It is rather intuitive that clinical entity recognition plays a predominant role in the context of information extraction from medical documents. Additionally, laboratory tests and measurements, along with their results, are also crucial as they provide essential information about a patient's status at specific stages of a disorder's development. By accurately linking laboratory tests to their results, healthcare providers can gain deeper insights into a patient's condition, leading to more precise diagnoses and effective treatment plans. Additionally, implementing these tasks in multiple languages ensures that their benefits reach diverse linguistic regions, thereby enhancing global healthcare standards. Despite its importance, this aspect has been relatively neglected, one significant exception being the twin evaluation tasks, CLinkaRT6 (42) and TESTLINK7 (43), organized in the EVALITA 2023 and IberLEF 2023 events, respectively. CLinkaRT (for Italian) and TESTLINK (for Spanish and Basque) are both based on E3C and focus on evaluating different systems on the task of identifying the RMLs and the laboratory tests or measurement they refer to (PERTAINS-TO relations).
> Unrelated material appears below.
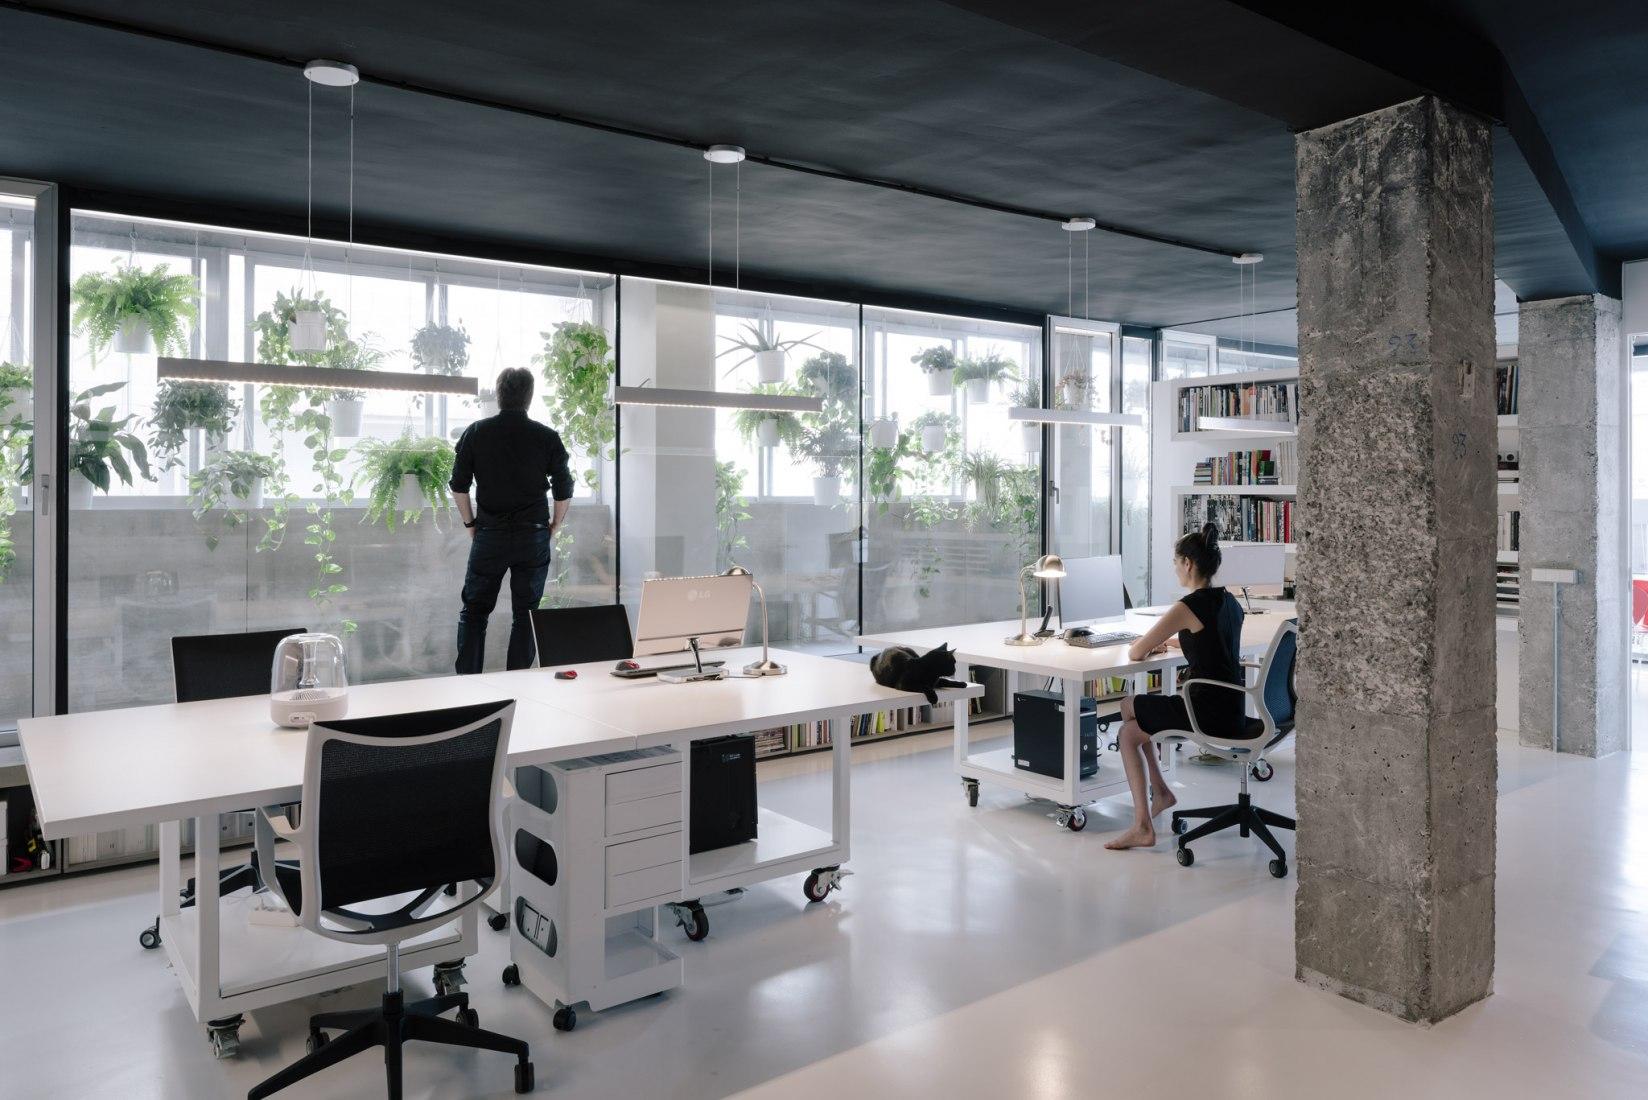 Resultado de imagen para espacio industrial interior

Specifically for the CLinkaRT and TESTLINK evaluations, the organizers of the twin tasks deployed a new version of the Italian, Spanish and Basque sections of E3C where PERTAINS-TO relations had been revised (this revision was performed after releasing the fully annotated dataset). As the English section (the base for our extensions to new languages) has not been used in the evaluation tasks, we took up the task of performing a complete revision of the PERTAINS-TO relations. In addition to this, given the eCREAM's important focus on entity detection, we also looked for clinical entities missing annotations and added them. As a result of this effort we can now rely on a new version8 of the English E3C, with a full revision of PERTAINS-TO relations and a partial revision of clinical entities.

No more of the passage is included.